What came out of this first meeting? For me, three big pieces of wisdom and a rather specific action agenda.

Mr. Durant said that unless we actually work directly with the young — shoulder to shoulder — we are apt to be ineffective and to wander in our own self-congratulatory illusions. As a superintendent, he makes sure a big part of every work day is spent with students — leading two youth groups and taking the young men to his gym and his barber.

Mr. Velasquez told the group what Martin Luther King, Jr., once told him: If you concentrate on economic power, and the levers of economic power, everything is negotiable.

Mr. Williams told the group that we need a comprehensive and systemic approach to youth. “We can’t just keep dabbing at it,” he said.

Mind you, we are dabbing at it with millions of dollars right now. The problem isn’t really money. It’s leadership, coordination, and the way we use and direct the money.

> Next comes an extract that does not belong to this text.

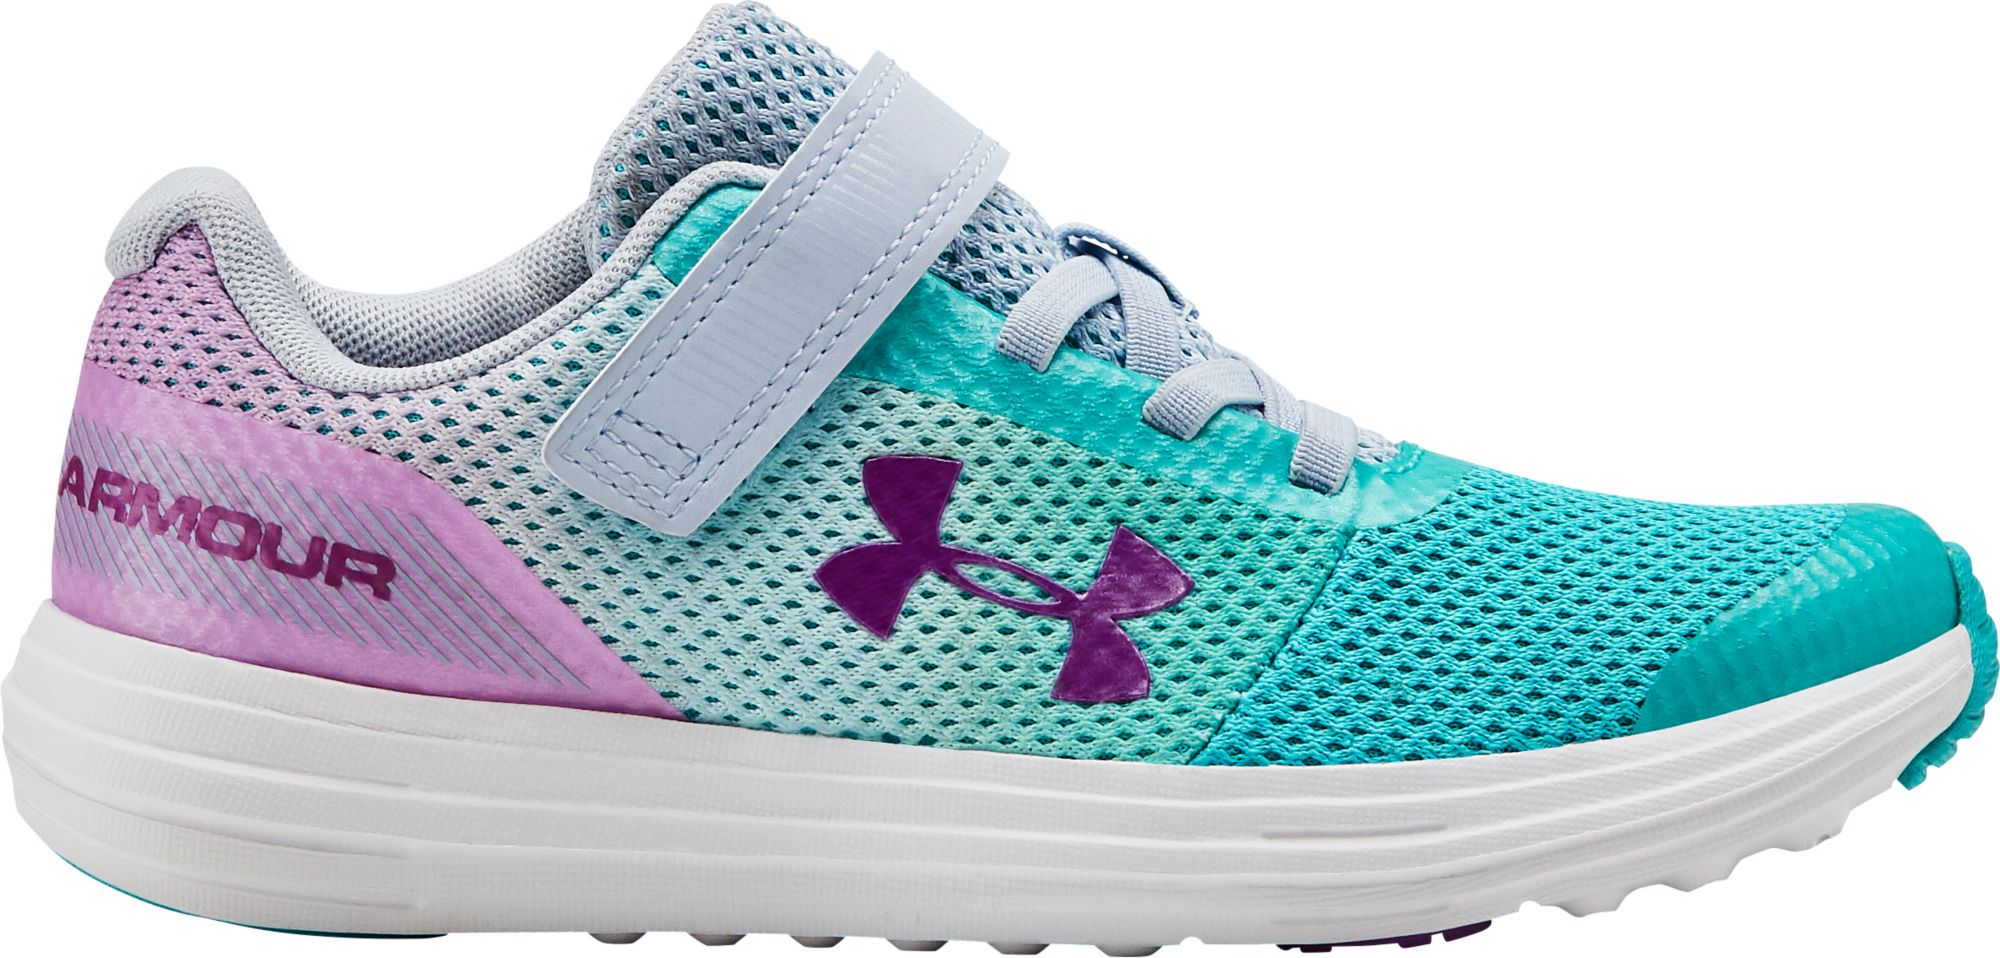 Under Armour Kids' Shoes | Best Price 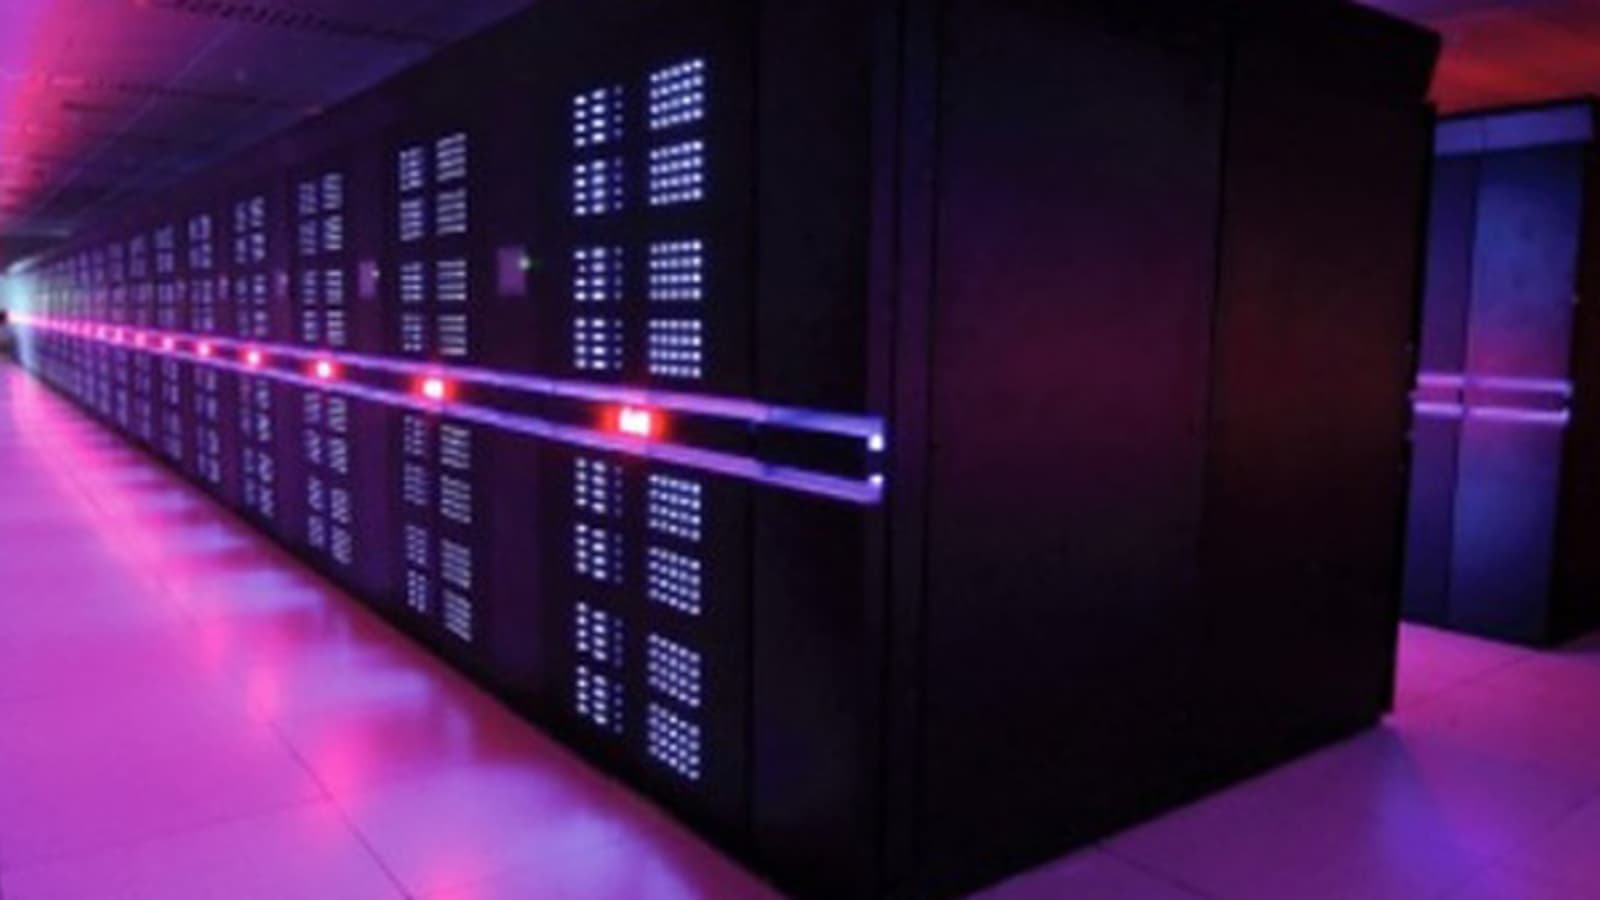 China Now Has World's Fastest Supercomputer

Here is the group’s tentative action agenda:

Everyone around the table agreed that mentors and mentor programs work. Let’s find ways to increase the number of mentors available to young men and women — whether though the TPS Young Men and Women of Excellence, the YMCA and YWCA, the Boys and Girls Clubs, or other programs. But, as Mr. Brock noted, the target youth may not be in school. How do we reach the kid who has chosen a gang over TPS?

Negotiate with area colleges and universities to expand the number of full college scholarships available to inner city kids who overcome.

Roughly 8,000 poor kids in Toledo need Head Start or some other preschool opportunity, that will not be made available to them under current conditions. If we are going to attack poverty and low literacy, we have to help kids in at-risk conditions before they go to school.

If the city youth commission’s executive director were elevated to the level of commissioner, and the right person were named to the job, he, perhaps with the help of this group, could make a major difference. He, or she, might also begin to coordinate, organize, and redirect funds and energies.

This group hopes to offer its passion, expertise, and collective firepower to the new mayor. Their agenda fits perfectly with his neighborhoods agenda. It also fits with a renewed dialogue on race. The Committee for the Future is practical. It still needs honing and heft and a name. But it is real and gives this citizen hope.

Keith C. Burris is a columnist for The Blade.